И вот теперь ужасная тишина стоит в кабине, потому что мы… ну, о чем мы с Педро можем говорить? С нами стряслась беда. Смерть Томаса — это не только смерть человека, не только потеря мужественного, верного, дорогого друга, это страшная беда, чудовищная насмешка, внезапно швырнувшая меж нас двоих эту женщину, которая для обоих нас равно желанна. Я не в силах взглянуть на нее без того, чтобы не пронзила меня дрожь желания, — и в то же время я четко сознаю всю чудовищную низость этого святотатства над свежей могилой друга. Мне чудится, что душа Томаса все еще где-то вблизи и, видя эти мысли мои, она плюет мне в сердце, но я не могу им противиться, не могу, не могу! Жар сжигает мой мозг, кровь яростно клокочет в жилах, а взор мой так поглощен Мартой, что даже сквозь закрытые веки я вижу ее какой-то жуткой, неслыханной ясностью.

Усилием воли держу свои мысли, как свору взбесившихся псов, но они рвутся с цепи и бросаются все на Марту, и бесстыдно рвут с нее одежды, ластятся и трутся о каждый изгиб ее тела, вьются вокруг него и грязнят его своими отвратительными мордами, и, видя, что она все так же невозмутимо-холодна, начинают рычать, и хватать ее клыками, и грызть, и грызть! О, подлые мысли мои, как страшно они терзают меня!

С Фарадолем творится то же самое; я знаю, вижу, чувствую это. И он знает, что творится со мной. Отсюда эта глухая ожесточенная ненависть наша друг к другу. К чему обманываться, к чему украшать это красивыми словами! Мы исподличались оба, потому что между нами стоит она. Нас только двое в этом ужасном мире, а что-то в глубине наших душ вопит, что нас тут слишком много — на одного больше, чем нужно. Мы перестали разговаривать и не смотрим друг другу в глаза. Лишь иногда я ловлю краем глаза взгляды Фарадоля, страшные взгляды, в которых полыхает смерть, как пожар в окнах горящего изнутри дома.

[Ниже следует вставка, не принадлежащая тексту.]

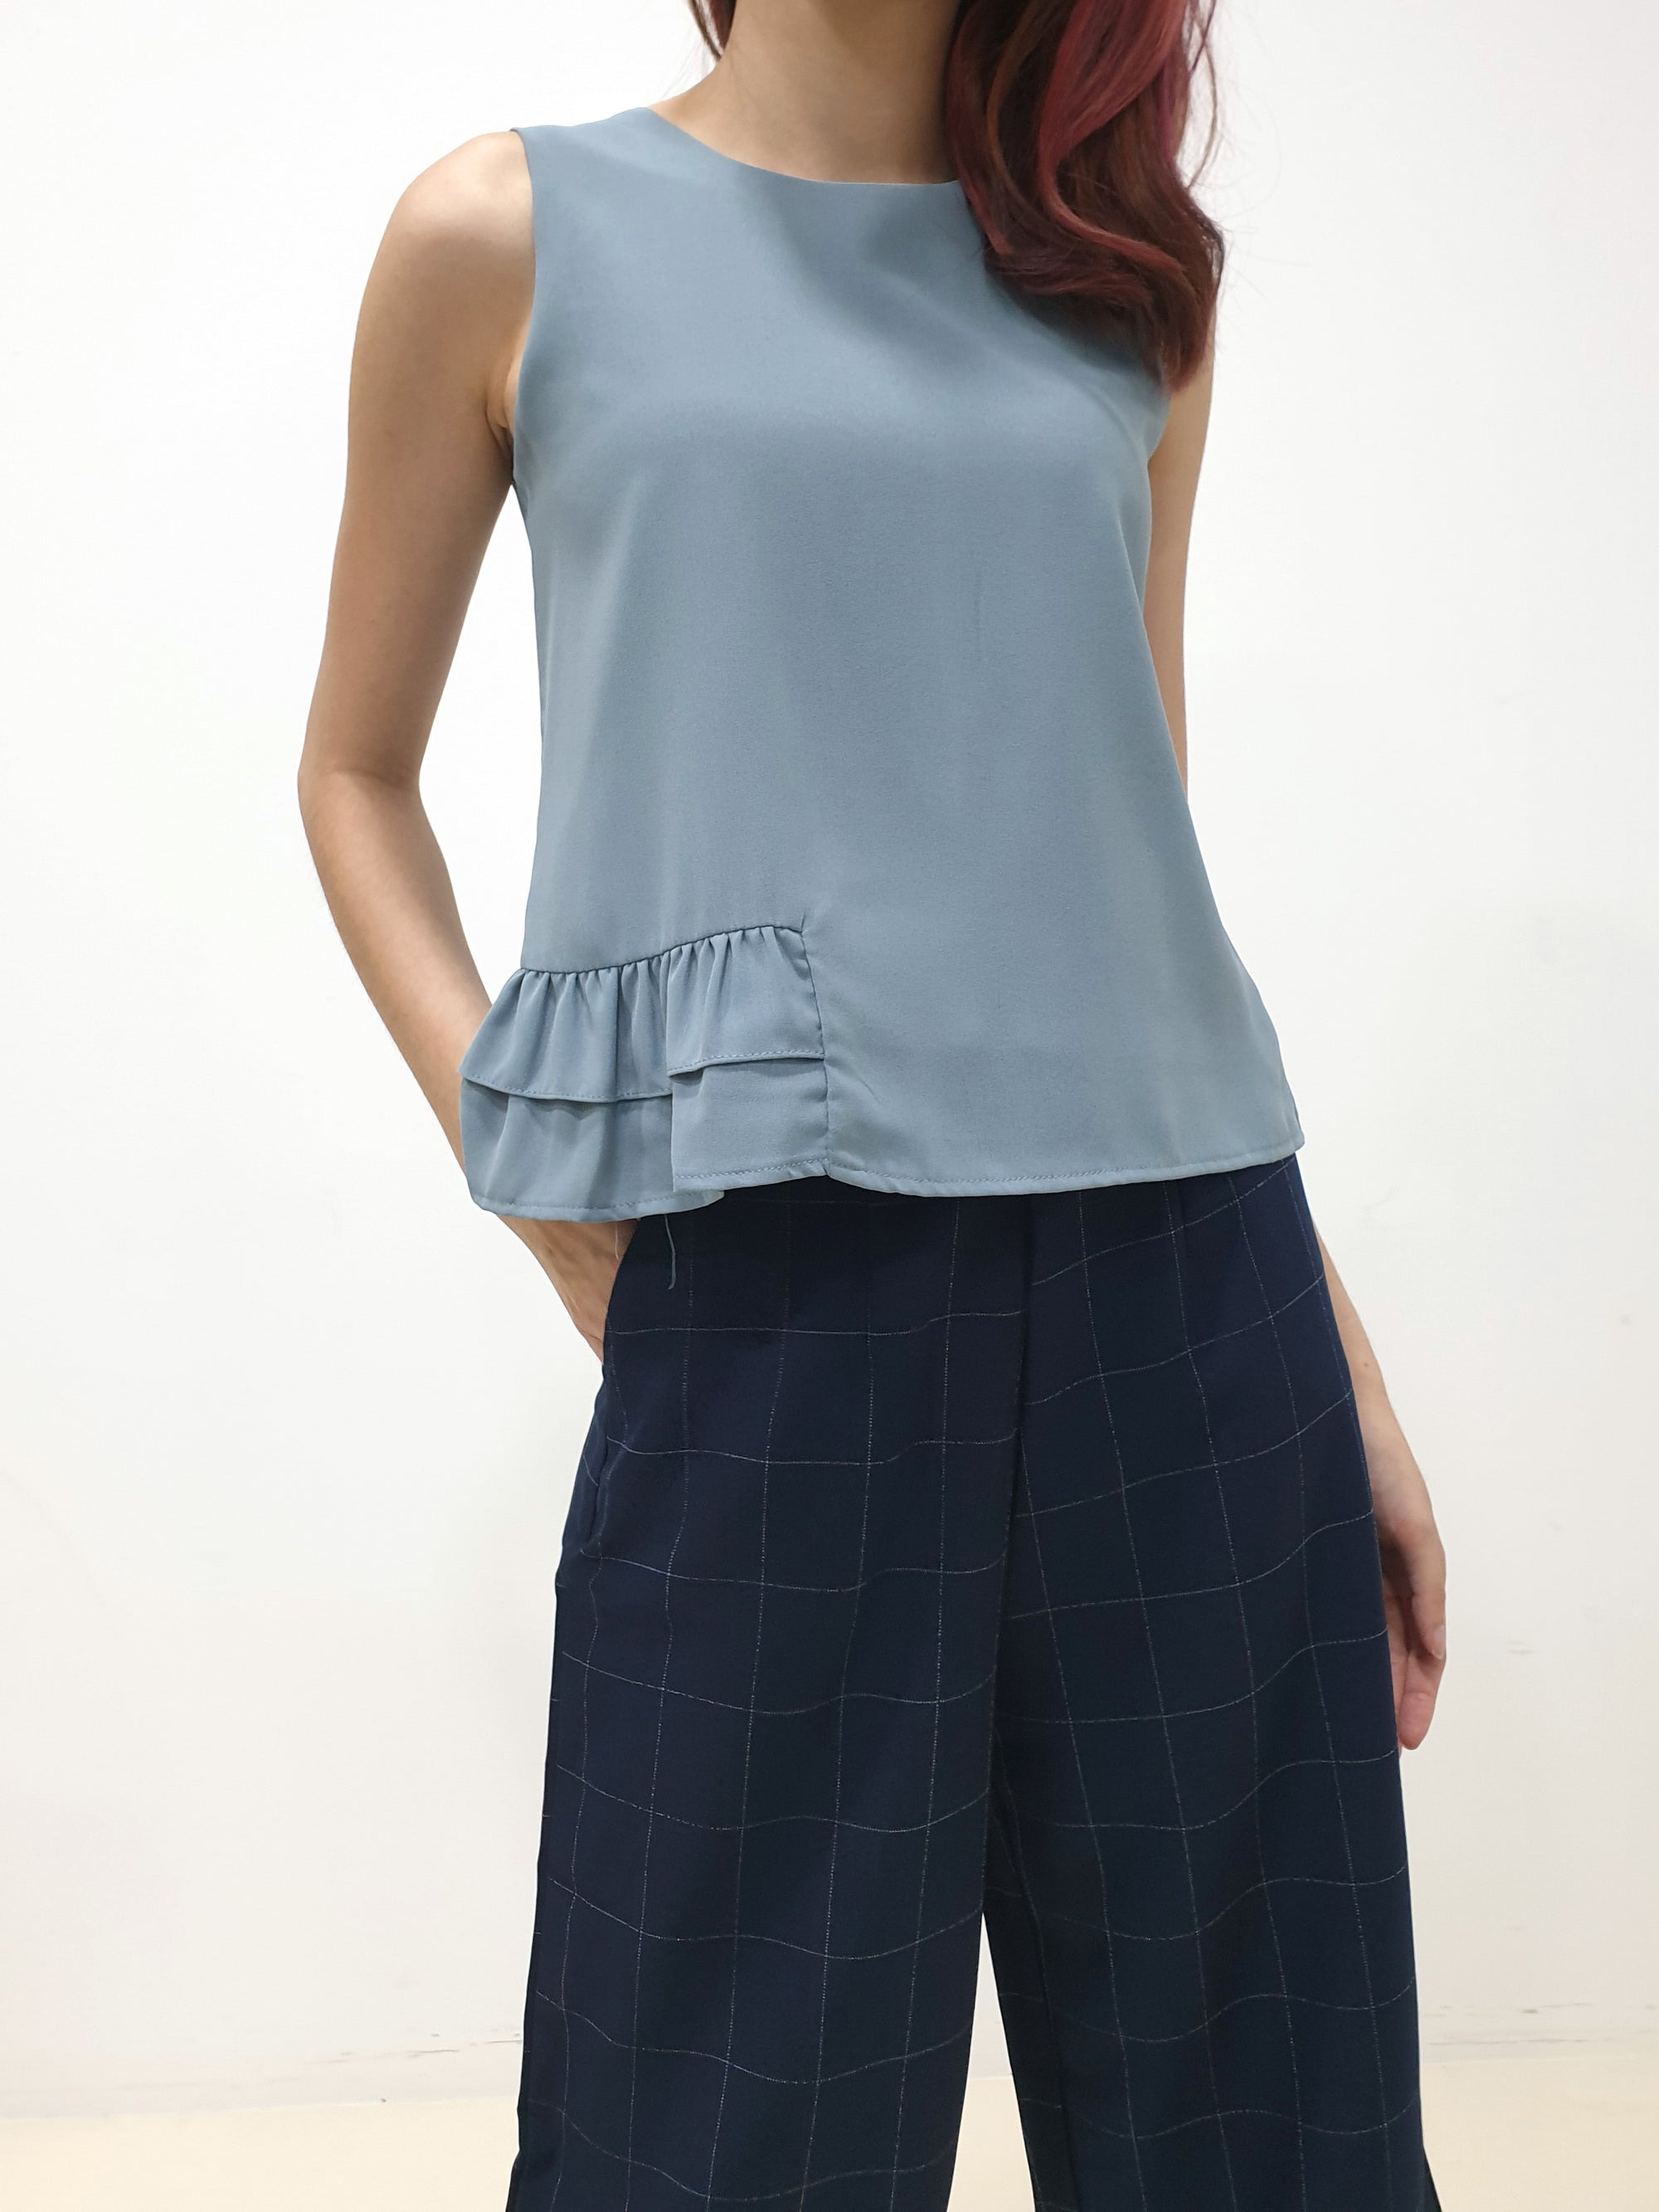 Side Ruffles Top (Non-returnable) - Ferlicious

Боюсь я его? Нет! Нет! Сто раз нет! Хоть и знаю, что он в любую минуту, даже не отдавая себе отчета в том, что делает, может ударить меня сзади и убить — например, сейчас, когда я пишу склонившись, а он стоит за мной и видит мою незащищенную шею… Дрожь пронизывает меня, но я не поворачиваюсь, не хочу перехватывать один из тех взглядов, в которых, как в зеркале, вижу собственную низость. Да и вправду, я не боюсь этой внезапной и неожиданной смерти — смерть лишь тогда страшна, когда приближается медленно и неотвратимо. Я знаю это на собственном опыте. Одного лишь страшусь — страшусь мысли, что он может обладать этой женщиной, на которую имеет не более прав, чем я, что он может разрумянить поцелуями ее лицо, еще бледное от слез, заставить ее грудь, еще раздираемую безутешными рыданиями, порывисто вздыматься… Нет! Я не могу думать об этом!

Мы так шпионим друг за другом, что, пока мы оба живы, она в безопасности!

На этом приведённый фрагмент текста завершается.